# Forgiven's Marlin Video



## MSViking (Oct 11, 2007)

Video condensed down to five minutes


----------



## Realtor (Oct 1, 2007)

Real nice!


----------



## superchicken (Jan 9, 2010)

Good job Rob and crew! Z man was getting spanked! That is a huge white, dont know the bama record but I bet he was close!


----------



## Chris V (Oct 18, 2007)

Nice video. Good sized white marlin, prob around 90lbs I bet.


----------



## hit man (Oct 5, 2007)

Awesome video, Awesome catch! Great memories for sure, thanks for sharing!


----------



## daddytime (Oct 1, 2007)

VERY cool video, the kids make it even better. I'm going to show my kids the video so they get pumped for PBGFC Jr. Tournament.

Thanks for sharing Robert. :thumbsup:


----------



## MSViking (Oct 11, 2007)

DT: I am blessed that my kids and sibling's kids all love to fish and that they will hang with me for a long weekend like this past one!

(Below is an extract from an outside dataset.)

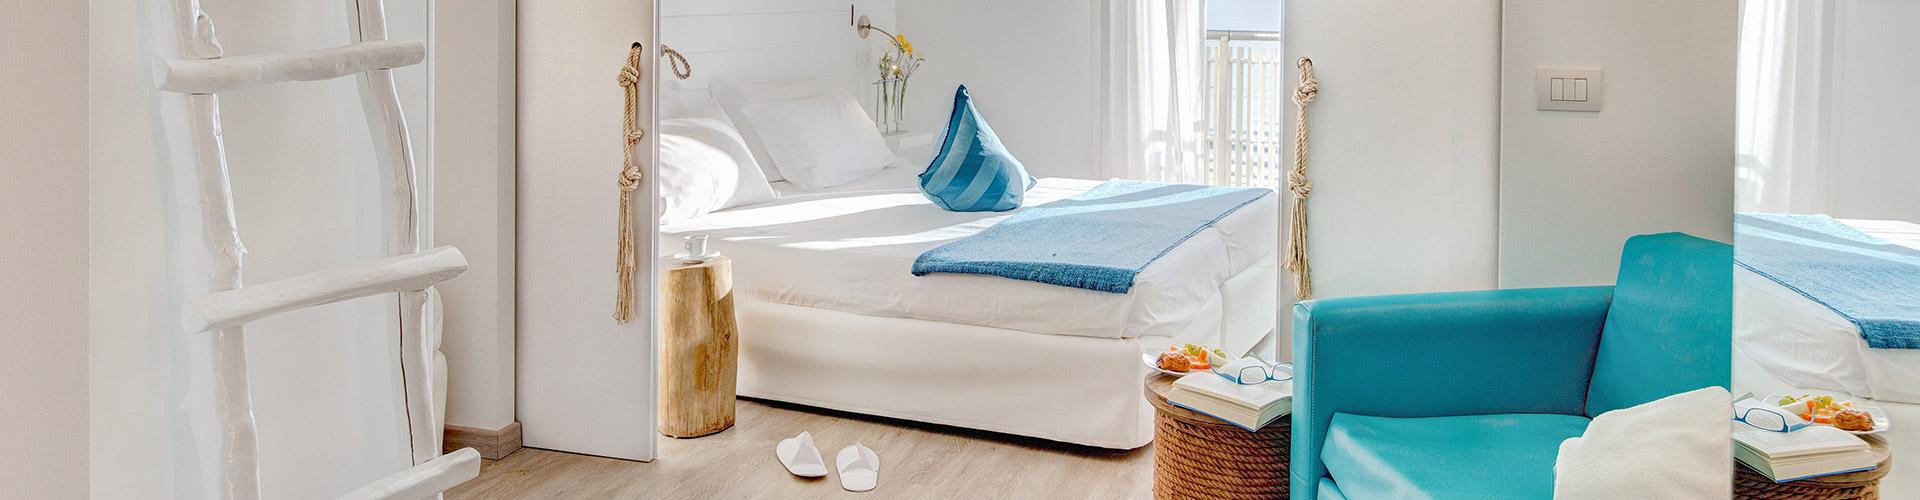 hotel_solemare2

We had also planned on the Pensacola Jr Angler but my daughter has the MS State Horse Barrel racing finals that weekend, so I will be driving a horse trailer rather than the YF, but we will be at the MBGFC Jr. Angler for sure!

Robert


----------



## Caspr21 (Oct 4, 2007)

awesome work on the white.............congrats!


----------



## xyzzy (Oct 26, 2008)

Never a good idea to hold a marlin by the bill in that manner -- a bigger fish could have easily speared the deckhand and caused some major injuries. Always hold a marlins bill palms down, thumbs inward with both hands!!


----------



## Reel Rowdy (Oct 4, 2007)

Good job on the video and what a great time with family!


----------



## Lil' Ti (Feb 16, 2009)

Great video MS definately a nice one


----------